Posted on November 15th, 2006

As I sipped my morning coffee and ran quickly through my morning ritual of reading RSS feeds, email and my mandatory blog reading, I ran across a post by Mike Manuel of WebProNews. It was early yet so I made sure to again read the article to make sure I had reads the content correctly. After determining that I had not imagined that I read something I hadn’t, I decided that I needed to respond diligently to the remarks made and to debate Mike’s wisdom. Mike’s post is sweet and to the point which is what I like in blog posts when I have a thousand articles to skim in a day.

Small business owners, a tip:

Some blowhard bloggers will have you believe that blogging is the best way to buddy up with the search engines and boost your business on the web.

Please-don’t-buy-it.

The ratio of time invested to return in awareness and sales just doesn’t net out in your favor, at least not for most owners.

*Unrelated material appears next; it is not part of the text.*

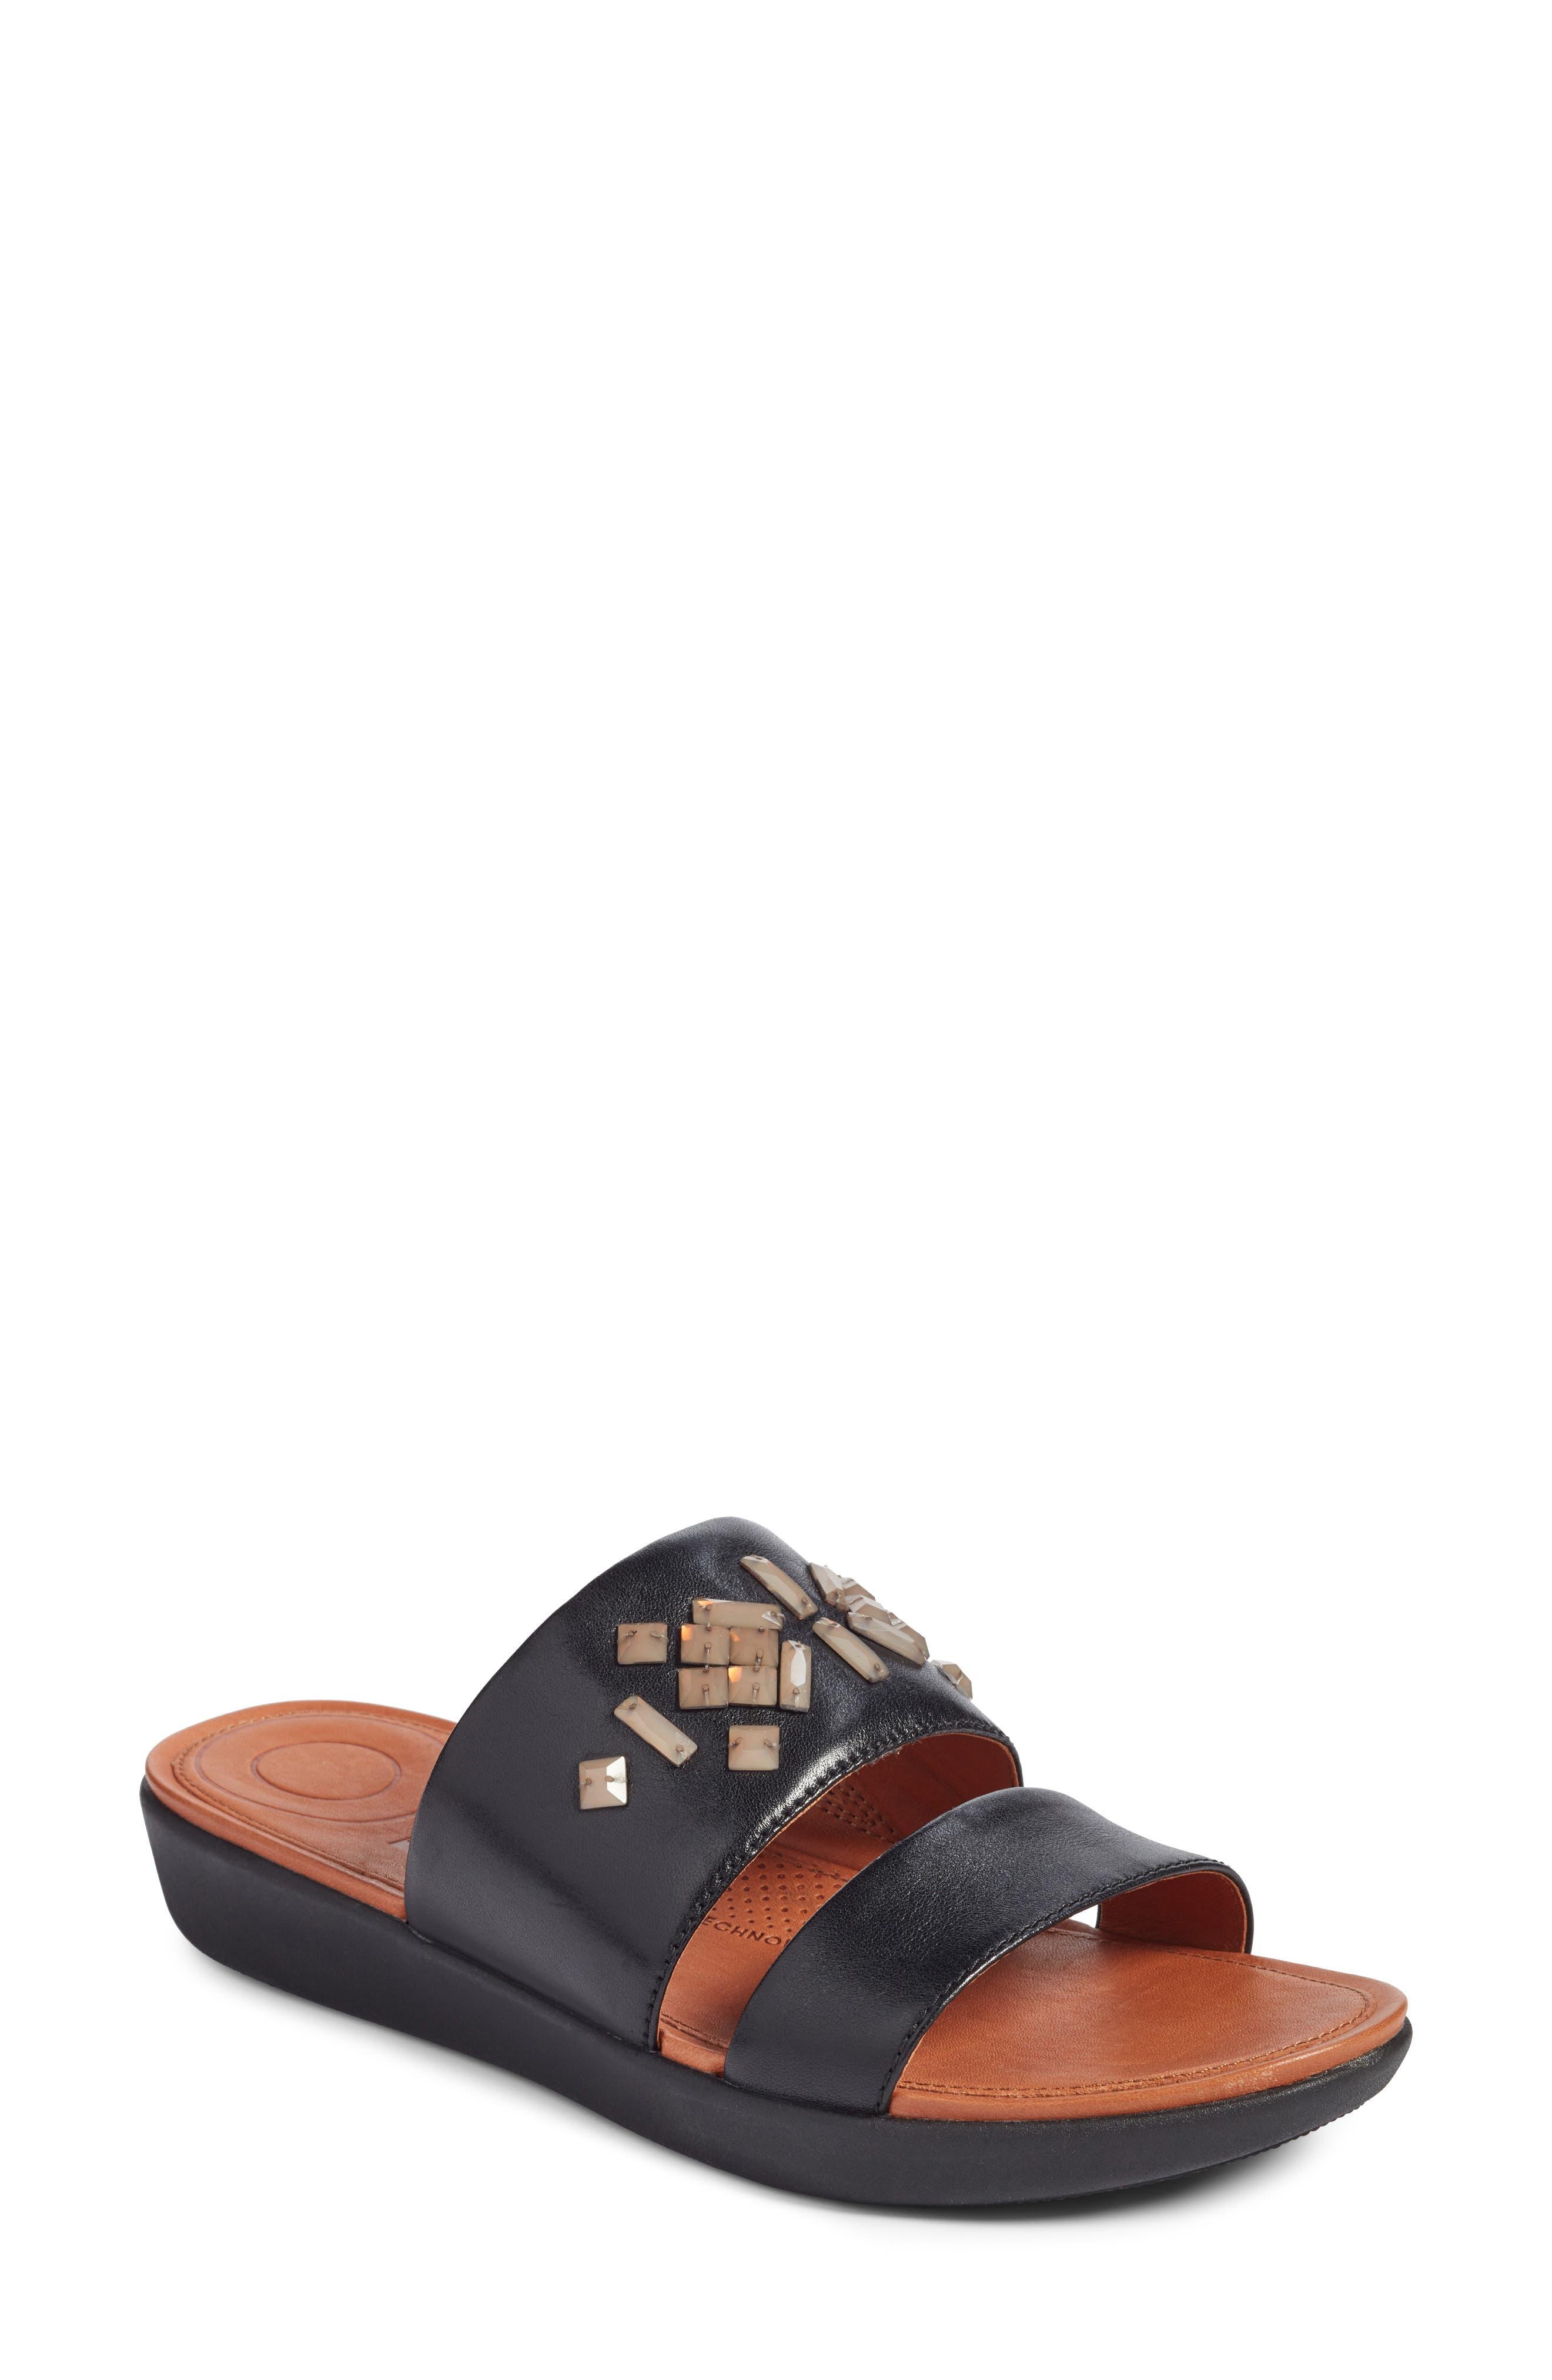 Delta Slide Sandal,                         Main,                         color, BLACK LEATHER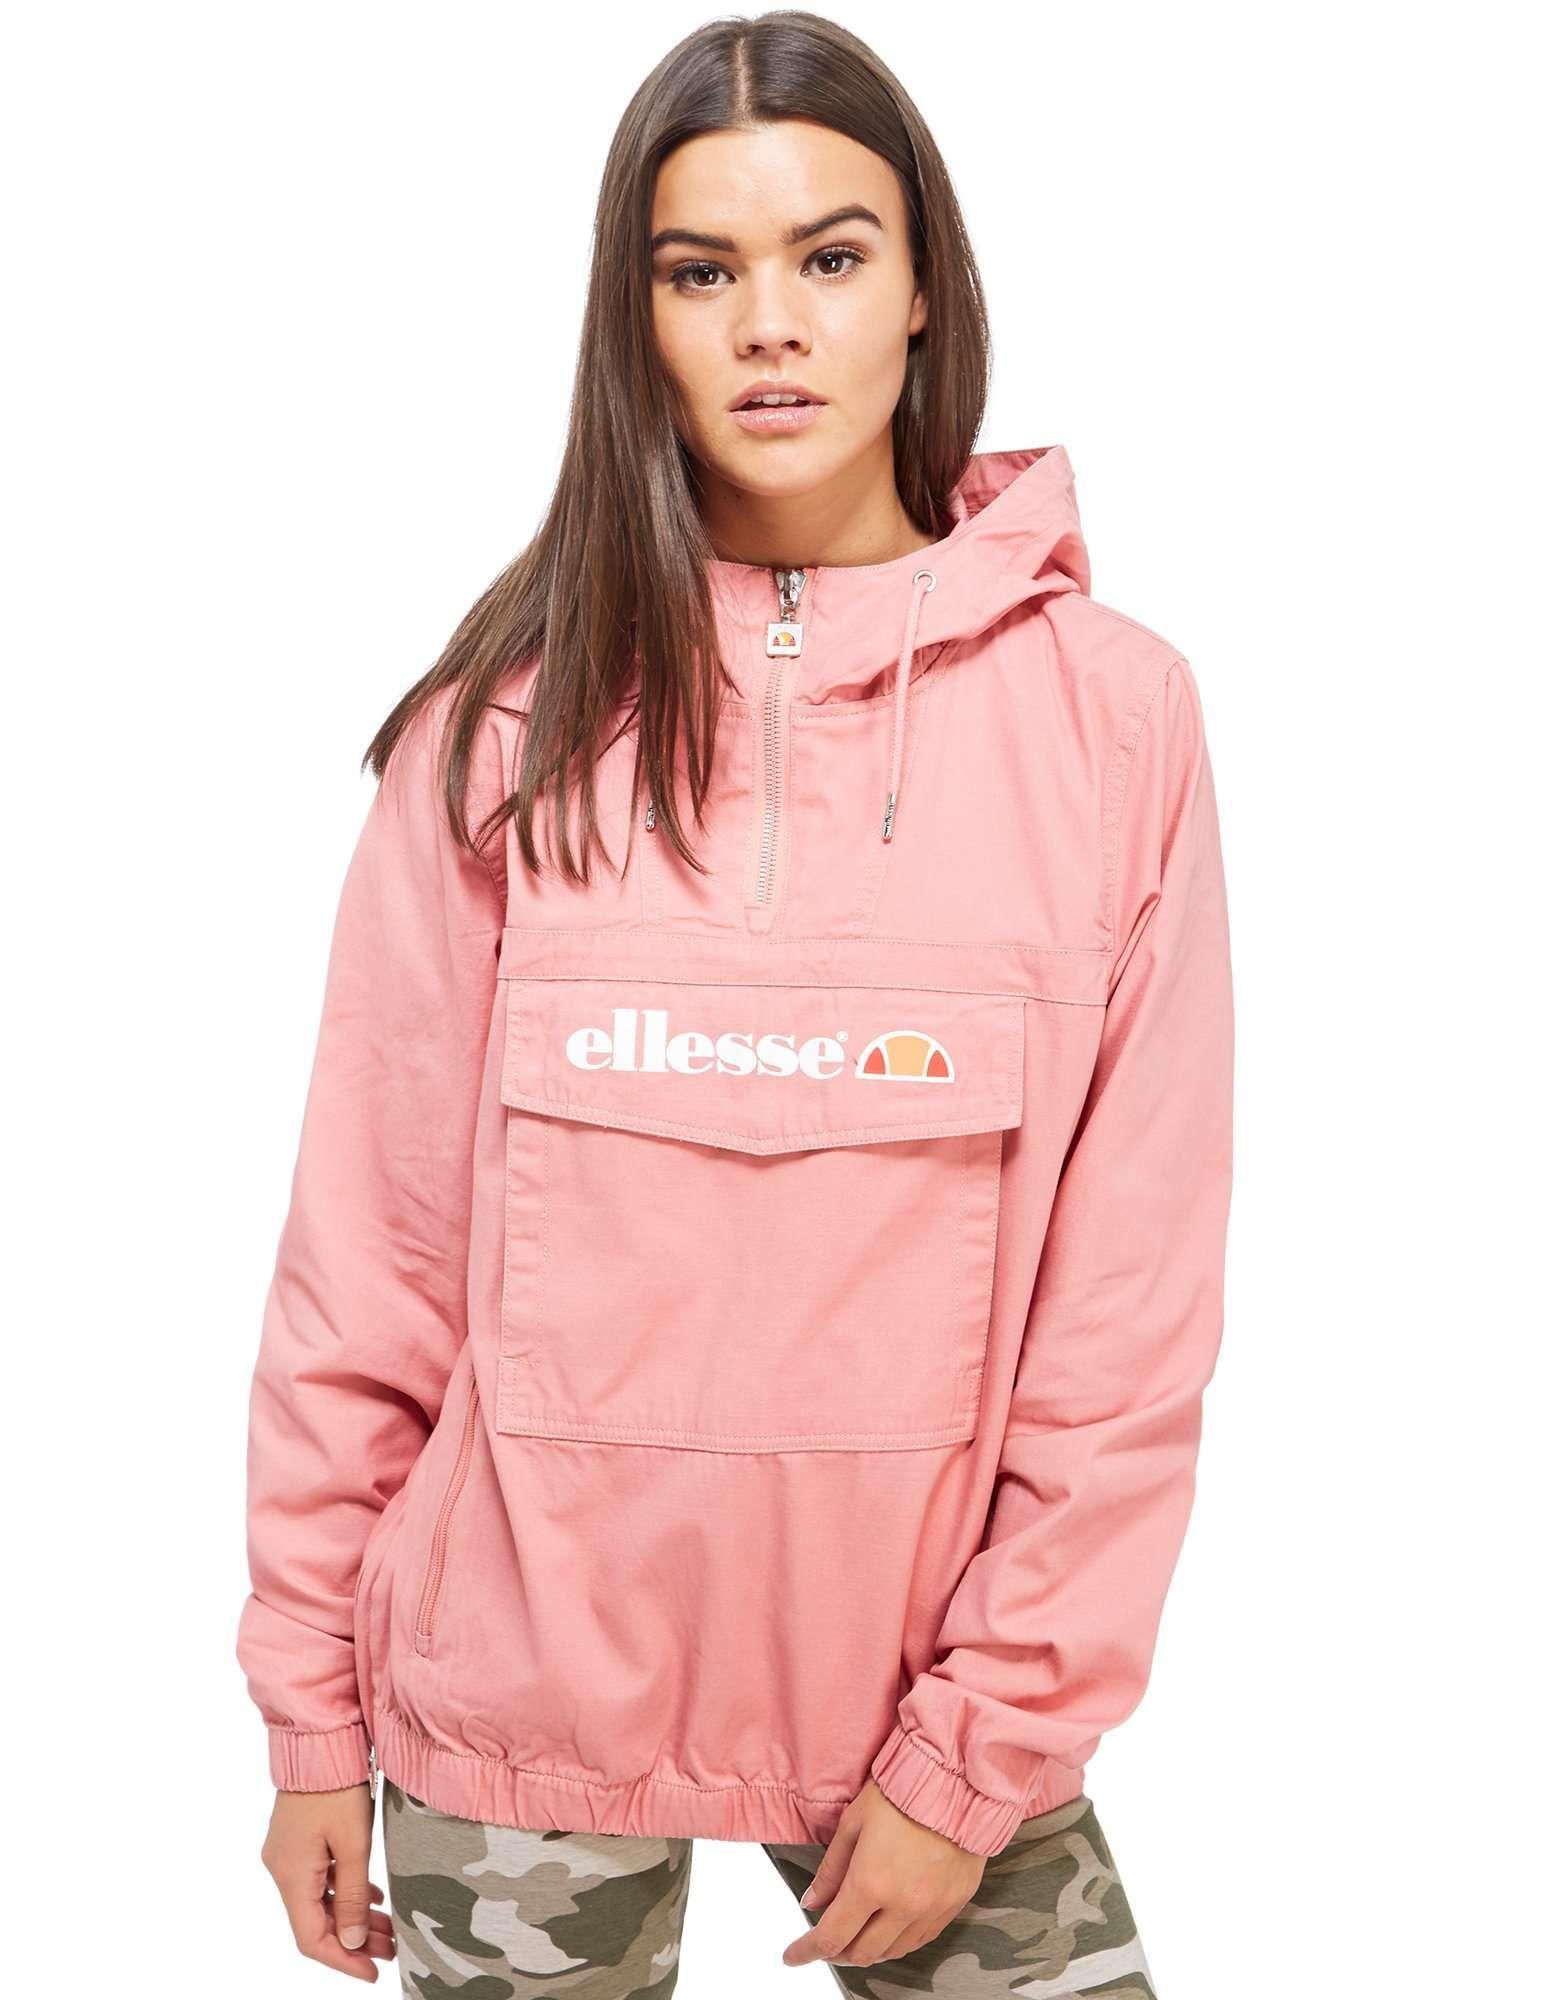 bba322d7 Ellesse Half Zip Jacket - Shop online for Ellesse Half Zip Jacket with JD  Sports,

Instead, invest your energy and effort in local search services and recommendation engines. These will have an immediate and measurable return for your business online. To do this, simply encourage your customers to share their experiences with your business with local search engines like Yahoo! Local or Google Local.

Customer comments, ratings, reviews, and recommendations are increasingly the first results people see when they do location-based searches. They’re also, arguably, the most influential…

[Disclosure: Yahoo! is a client of mine]

Thanks for the brevity Mike and my counterpoint will be as equally brief.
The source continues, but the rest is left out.